AUTHOR=Madeo Bruno , Brigante Giulia , Ansaloni Anna , Taliani Erica , Kaleci Shaniko , Monzani Maria Laura , Simoni Manuela , Rochira Vincenzo TITLE=The Added Value of Operator's Judgement in Thyroid Nodule Ultrasound Classification Arising From Histologically Based Comparison of Different Risk Stratification Systems JOURNAL=Frontiers in Endocrinology VOLUME=11 YEAR=2020 URL=https://www.frontiersin.org/journals/endocrinology/articles/10.3389/fendo.2020.00434 DOI=10.3389/fendo.2020.00434 ISSN=1664-2392 ABSTRACT=

Objective: Several ultrasound classifications for thyroid nodules were proposed but their accuracy is still debated, since mainly estimated on cytology and not on histology. The aim of this study was to test the diagnostic accuracy and the inter-classification agreement of AACE/ACE-AME, American Thyroid Association (ATA), British Thyroid Association (BTA), and Modena Ultrasound Thyroid Classification (MUT) that stratifies malignancy risk considering also the clinician subjective impression.

Methods: A prospective study collecting thyroid nodule features at ultrasound and histological diagnosis was conducted. Ultrasound features were collected following a preformed checklist in candidates for surgery because of indeterminate, suspicious, or malignant cytology. All the nodules, besides the cytologically suspicious one, were blinded analyzed. MUT score was applied prospectively, and the others retrospectively. Sensitivity, specificity, diagnostic cut-off value, and accuracy of each classification were calculated. The overall agreement between classifications was tested by Bland-Altman, and agreement between single nodule analysis by different classifications by Weighted Cohen's Kappa.

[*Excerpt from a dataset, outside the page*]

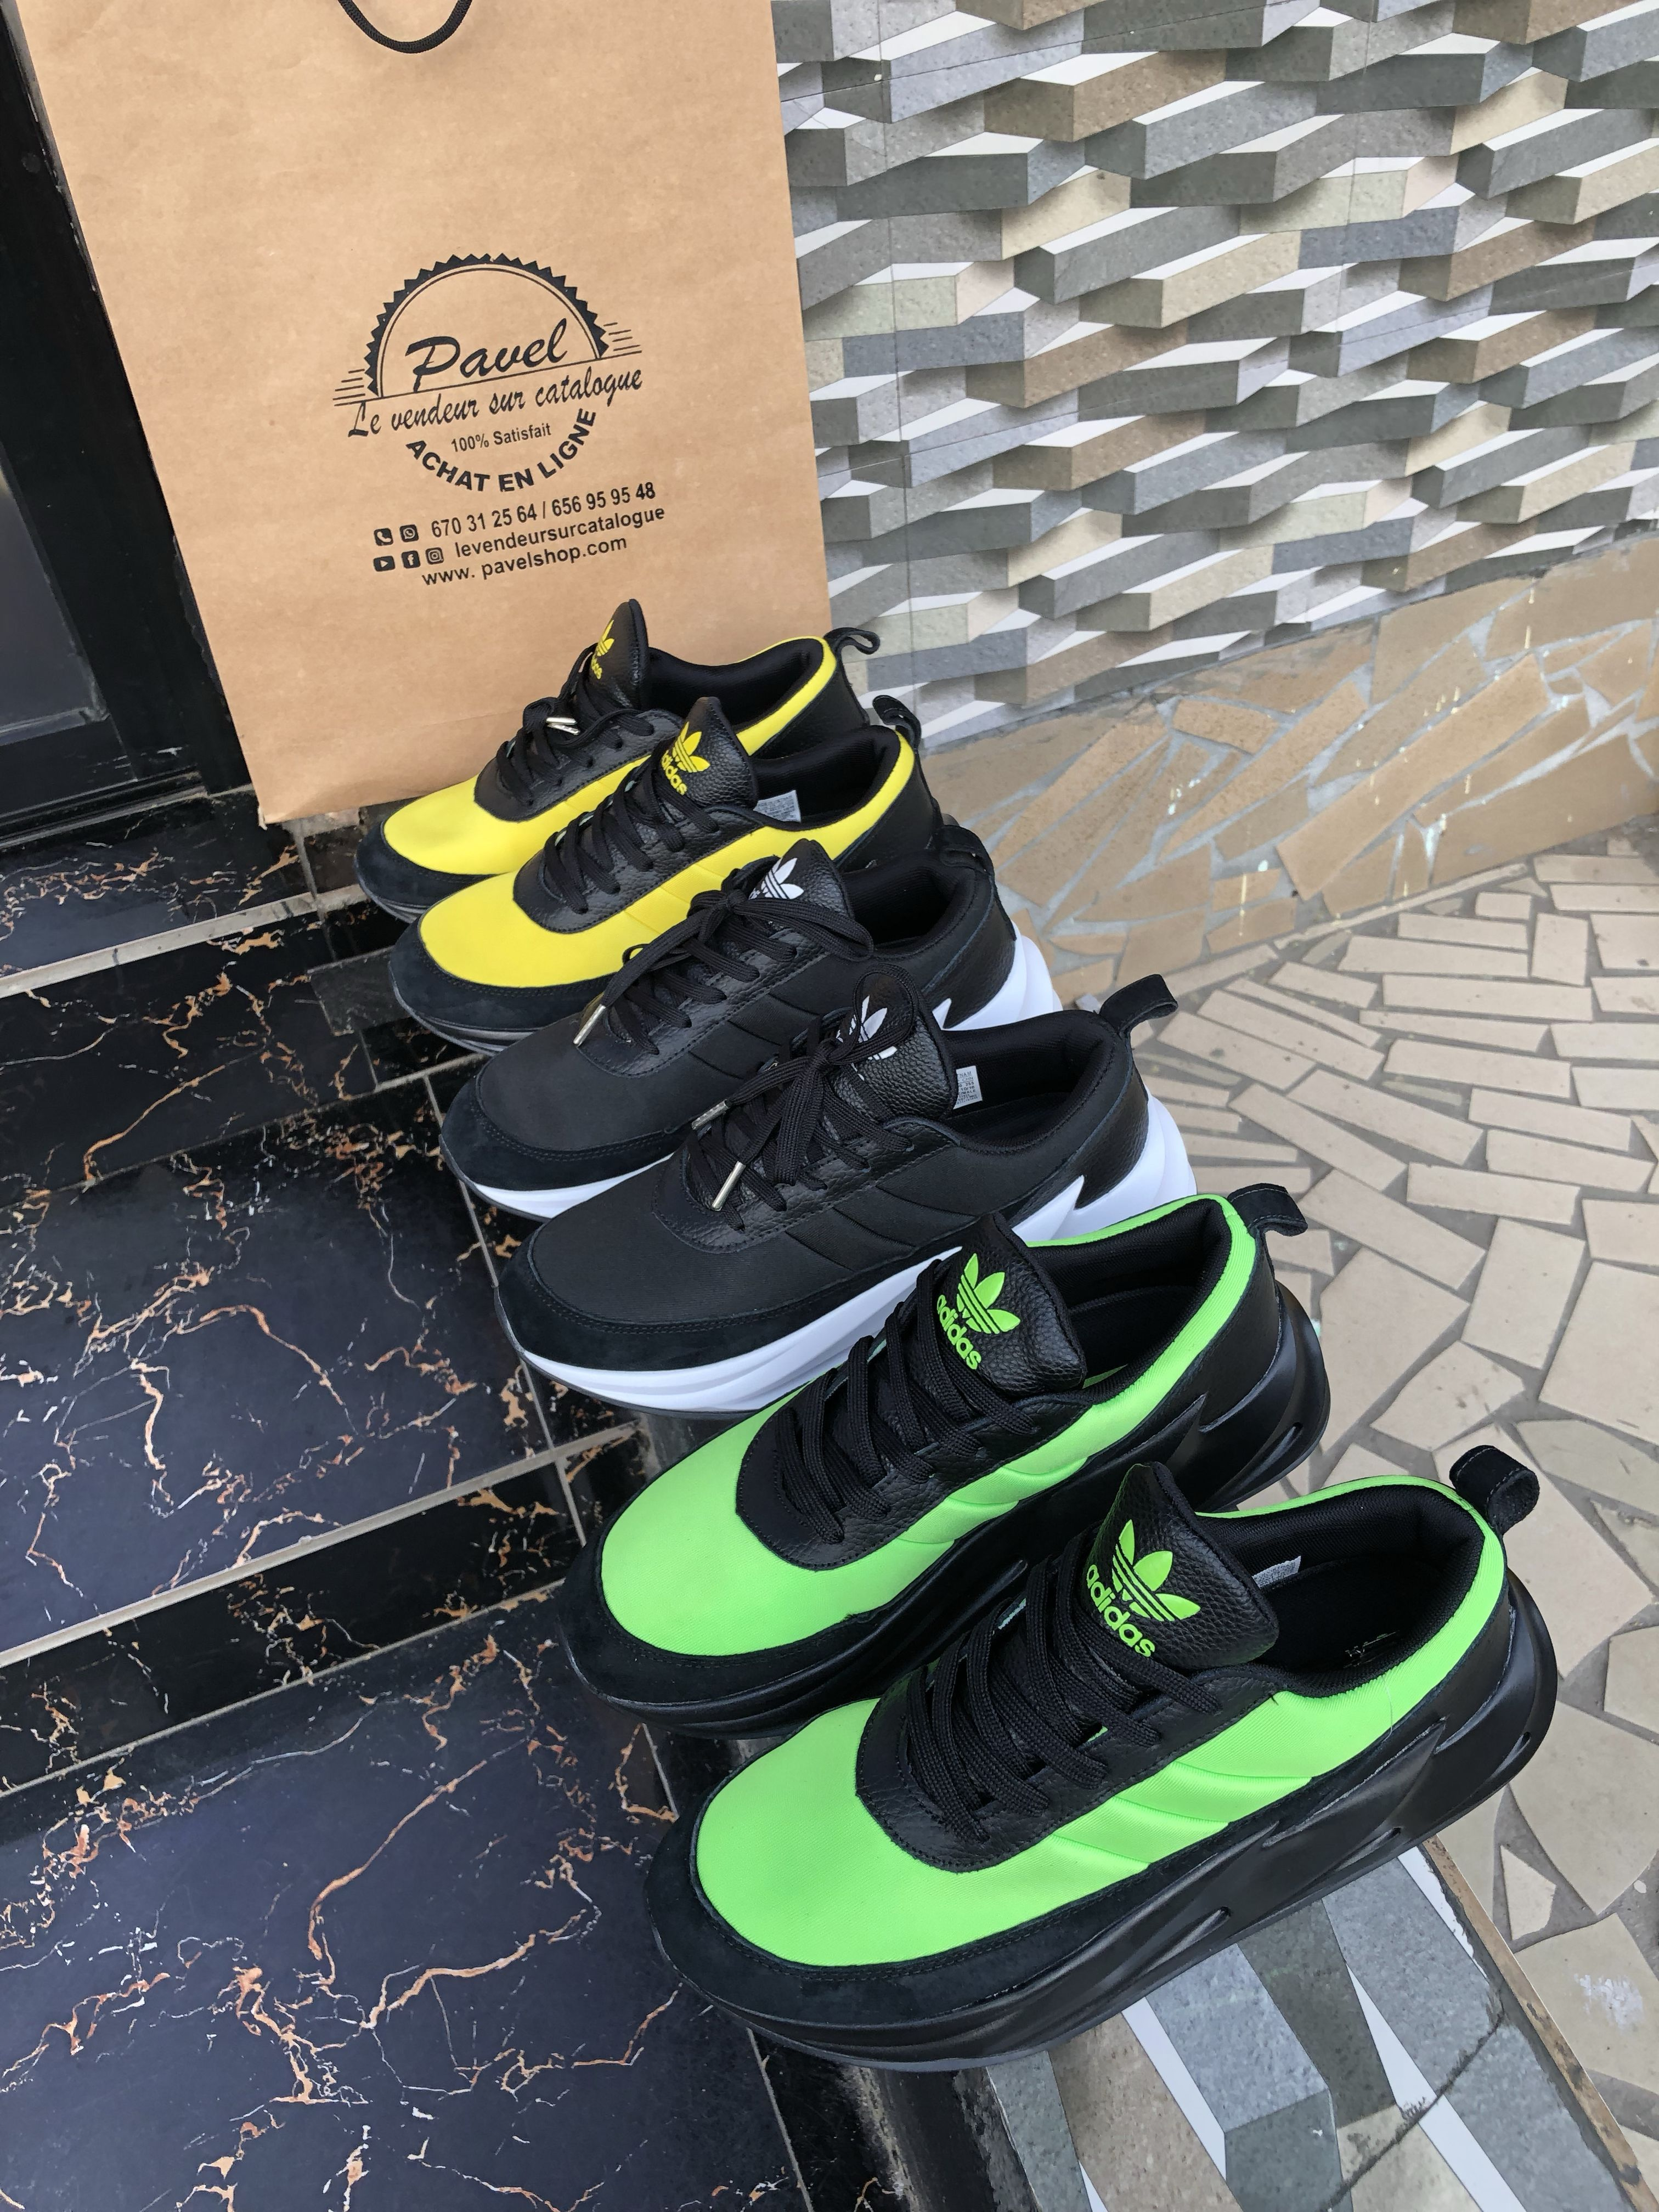 adidas shark boost shoes

Results: In classifying a total of 457 nodules, MUT has the highest accuracy (AUC 0.808) and specificity (89%), followed by ATA and BTA, and finally by AACE/ACE-AME. ATA, BTA, and MUT are highly interchangeable. Considering agreement between single nodule analyses, ATA and BTA had the best (κ = 0.723); AACE/ACE-AME showed slight agreement with BTA (κ = 0.177) and MUT (κ = 0.183), and fair agreement with ATA (κ = 0.282); MUT had fair agreement with both ATA (κ = 0.291) and BTA (κ = 0.271).

Conclusion: Classifications have an acceptable overall diagnostic accuracy, improved using a less rigid system that takes into consideration operator subjective impression.